START Records to use
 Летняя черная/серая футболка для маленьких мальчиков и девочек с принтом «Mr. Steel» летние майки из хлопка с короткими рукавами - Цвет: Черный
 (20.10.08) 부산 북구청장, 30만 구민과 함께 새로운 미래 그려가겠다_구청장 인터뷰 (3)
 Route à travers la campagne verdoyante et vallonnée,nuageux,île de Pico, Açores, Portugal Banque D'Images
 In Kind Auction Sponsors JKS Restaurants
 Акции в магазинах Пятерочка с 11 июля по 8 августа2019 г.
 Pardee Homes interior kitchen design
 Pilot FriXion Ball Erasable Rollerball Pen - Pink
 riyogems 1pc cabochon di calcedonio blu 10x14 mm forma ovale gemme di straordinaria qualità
END Records to use
Exercise aim:
Each line of the listing should be echoed back exactly.

Exercise result:
 Летняя черная/серая футболка для маленьких мальчиков и девочек с принтом «Mr. Steel» летние майки из хлопка с короткими рукавами - Цвет: Черный
 (20.10.08) 부산 북구청장, 30만 구민과 함께 새로운 미래 그려가겠다_구청장 인터뷰 (3)
 Route à travers la campagne verdoyante et vallonnée,nuageux,île de Pico, Açores, Portugal Banque D'Images
 In Kind Auction Sponsors JKS Restaurants
 Акции в магазинах Пятерочка с 11 июля по 8 августа2019 г.
 Pardee Homes interior kitchen design
 Pilot FriXion Ball Erasable Rollerball Pen - Pink
 riyogems 1pc cabochon di calcedonio blu 10x14 mm forma ovale gemme di straordinaria qualità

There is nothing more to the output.